Connecting PhpStorm To Custom ACP OpenClaw Agents

This article is a technical notebook as I rework my development process to use local AI models running on the DGX Spark AI server on my LAN. The goal is to try to use local , and arguably less capable, AI models to perform rudimentary tasks. These are my notes on various attempts to get PhpStorm (my current JetBrains base code management and editing interface : IDE) to communicate with local models running on the Spark. Prior attempts worked but may not be as efficient as possible. I am about to find out.

Sidebar – Why Even Use The Spark?

As I delve deeper into the underpinning of how AI is working I have learned how inefficient AI interactions are. I hope that the fact that every AI interaction burns FAR TOO MANY tokens is simply a side effect of “growing and capturing market share before our competitors”. While that is awful, it is better than thinking “more tokens, more money” as the driving force behind the excessive token burn rates.

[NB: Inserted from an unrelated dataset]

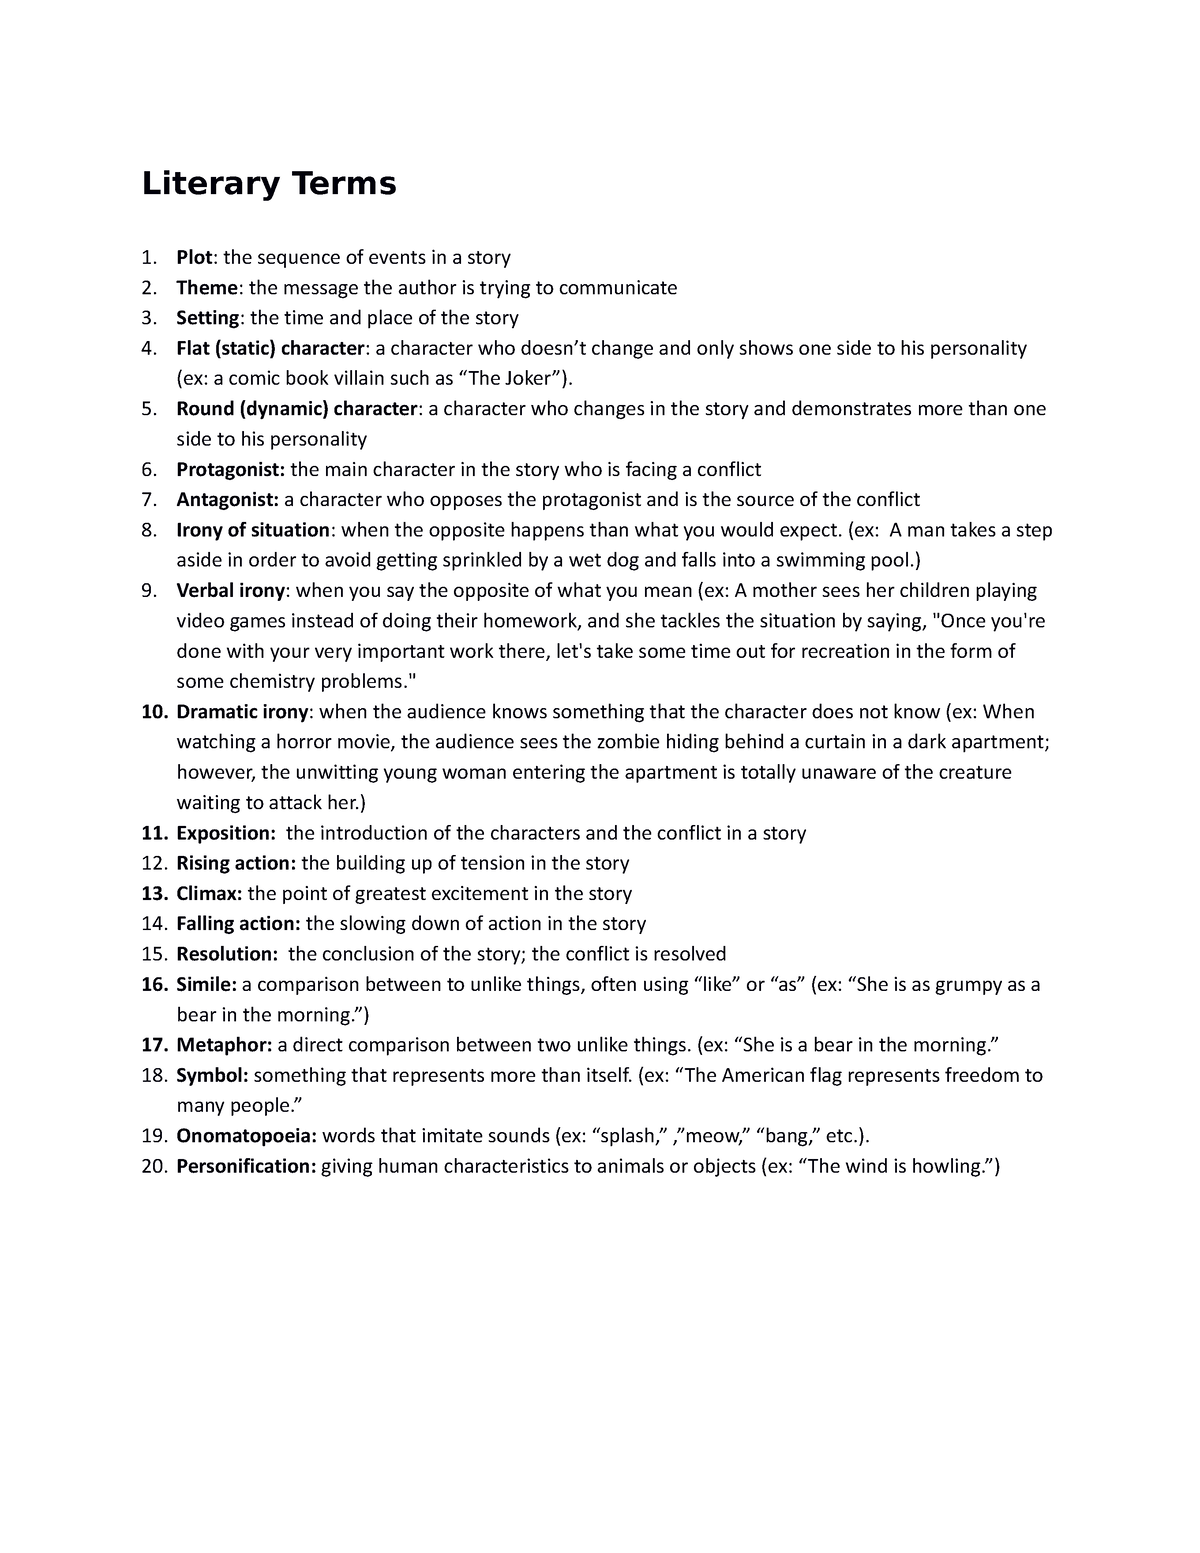 Literary Terms (1)-1 - Literary Terms Plot: the sequence of events in a ...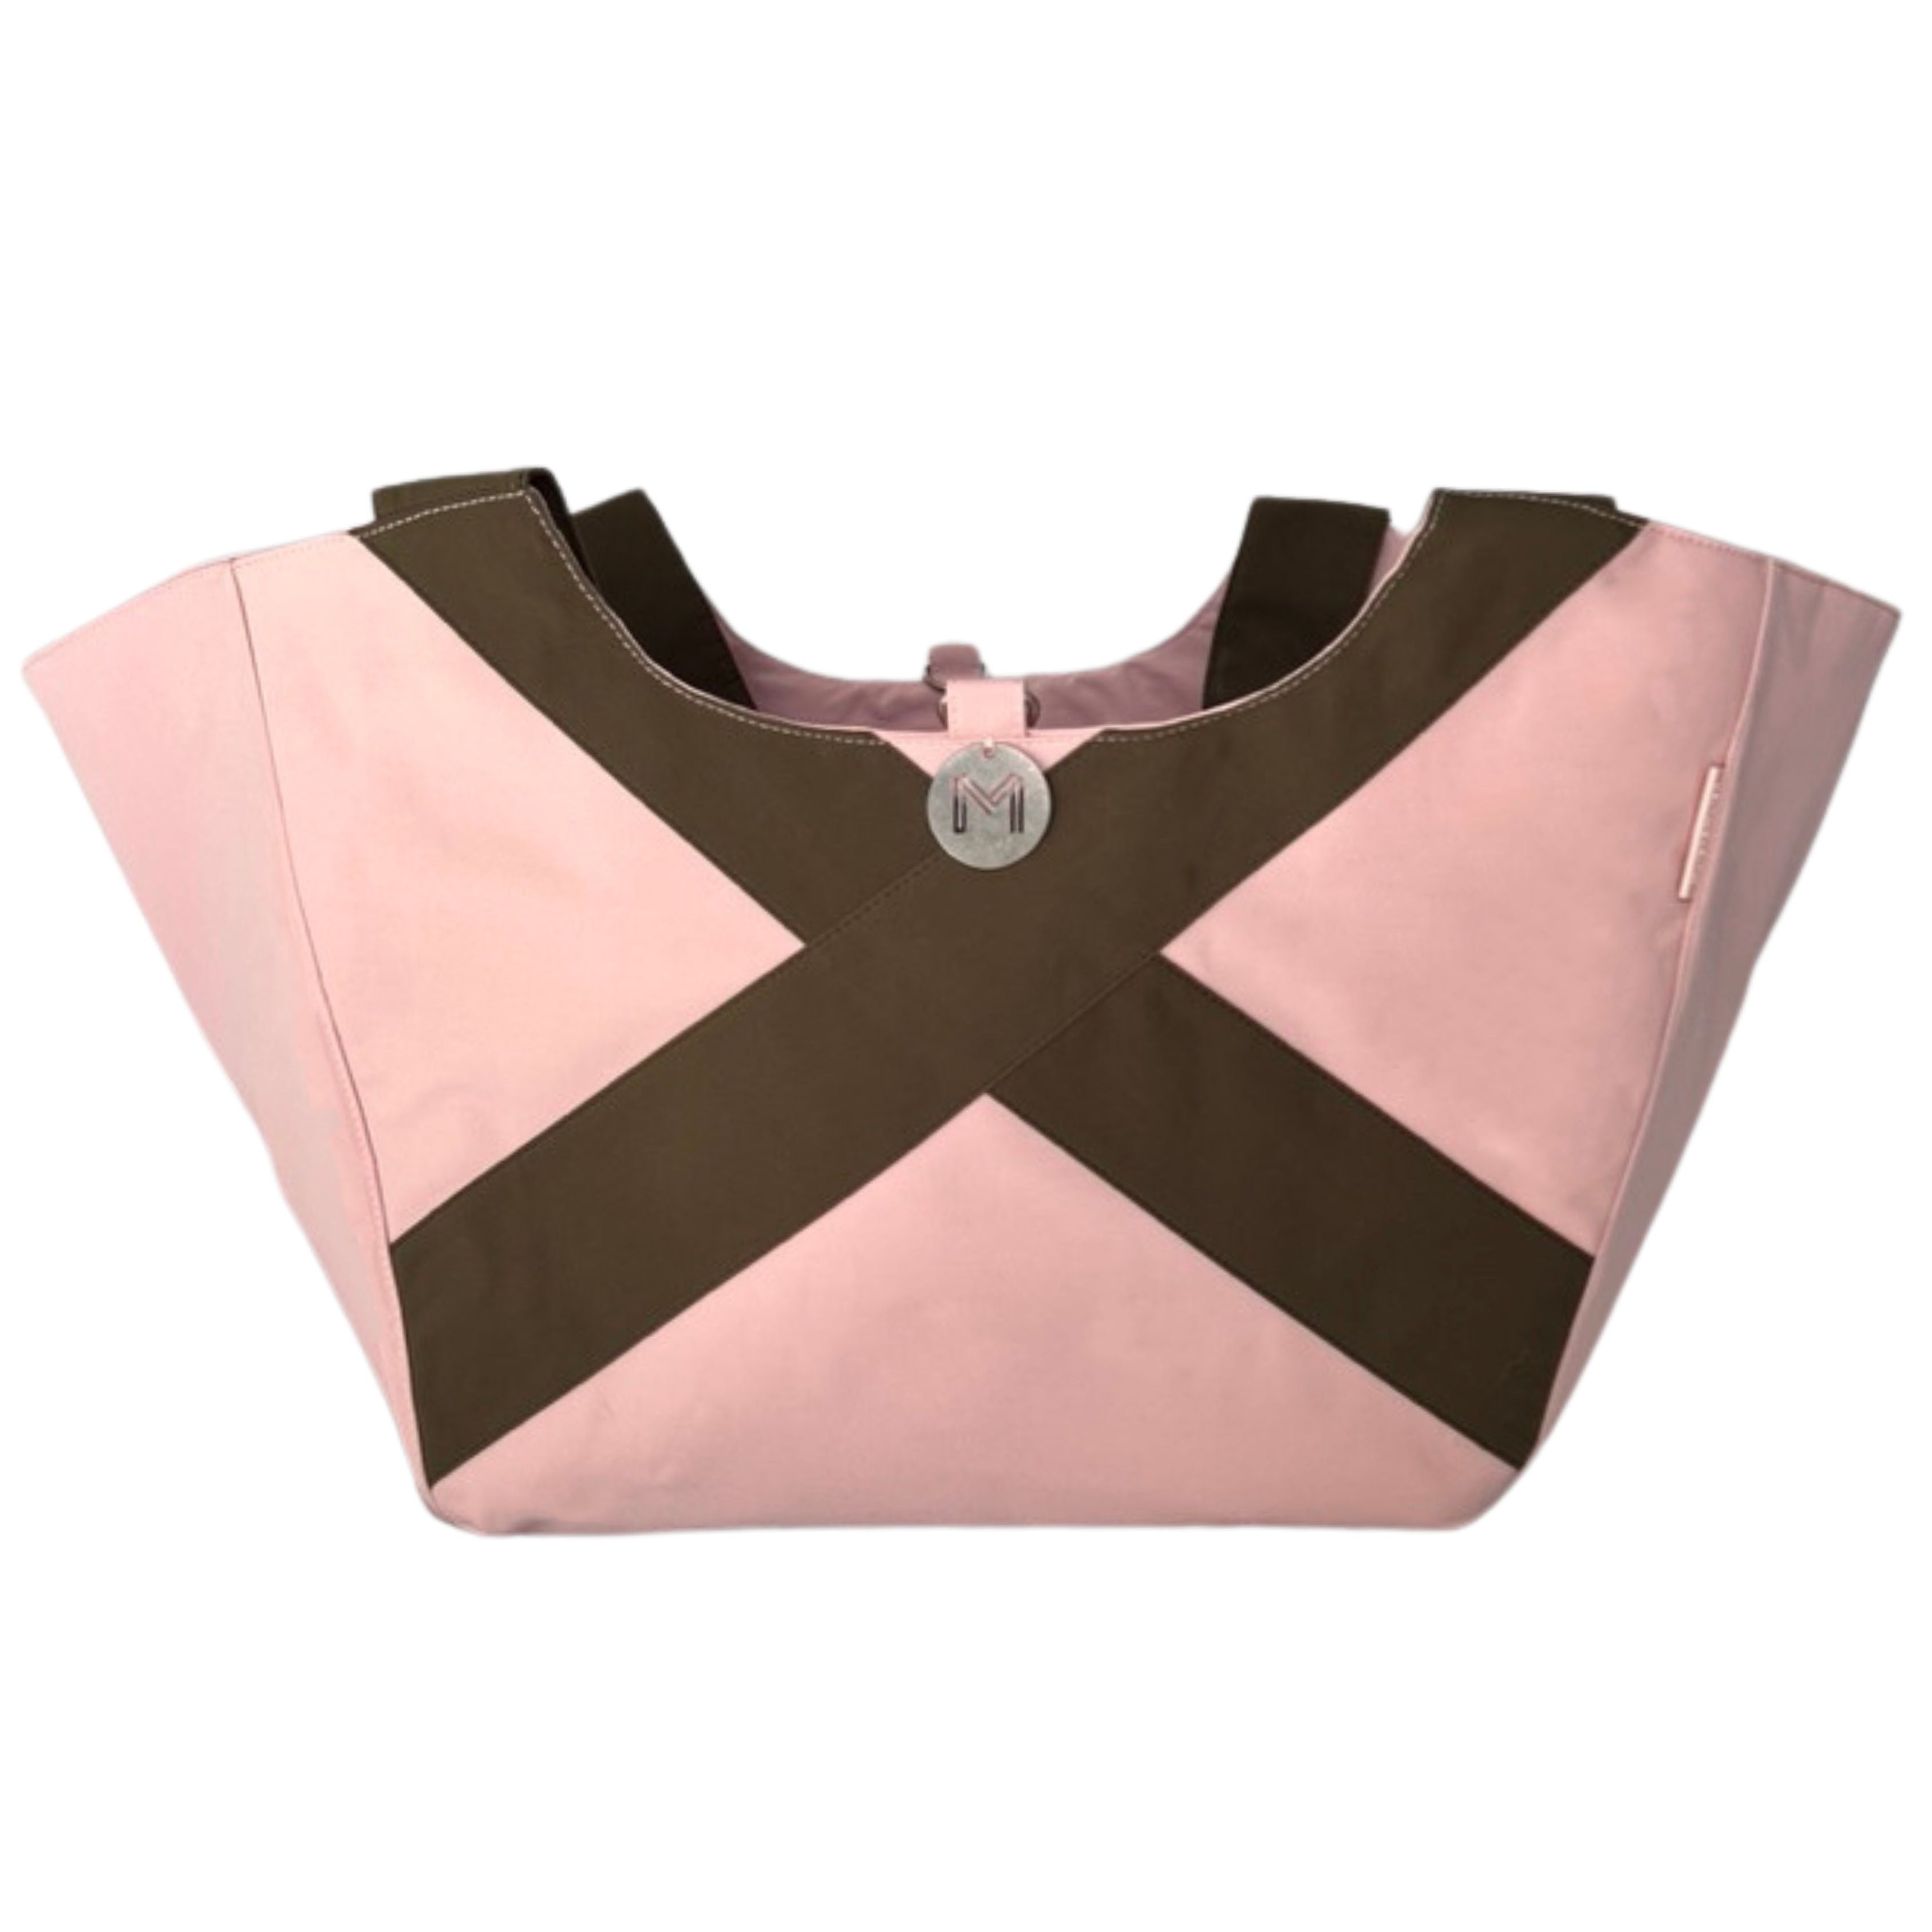 Cove Carry-All - Pastel Pink with Khaki Cross (Limited Edition)

In either case, I feel it is a solid generalization to say that for each token used to process and AI request there are two primary resources being consumed by the AI models – electricity and power. The amount of natural resources that AI is consuming is absurd. Without delving deep into the topic, I feel that anyone using AI on a daily basis needs to be more responsible with their AI use and do whatever they can to reduce token consumption. For me that means leveraging my local Spark server that runs on 200 Watts of maximum power consumption and needs zero water for cooling.

Full disclosure: For most of this work I am pulling from online documentation I am already aware of. For methods I am not familiar with I am using the OpenClaw WebUI running on the Spark to communicate with a locally hosted nemotron-cascade-2 model managed by Ollama to provide insight and instruction.

Spark Server Starting Environment

I’ve been using the Spark server for nearly 9 months now. It already has some key pieces that work well for general AI interaction.

Ollama – a model server that handles the role of replacing a cloud-based LLM (like ChatGPT 5.5). Ollama provide a simple way to download a variety of open-source models and have them run locally. In my case on the Spark server. The Spark can handle some fairly hefty models with 128GB of unified memory and some decent NVIDIA processors on board. Many of the open source models are a year or two old and fully capable of advanced tasks. If you are not researching current events, these models are very well trained and can do far more than you may think.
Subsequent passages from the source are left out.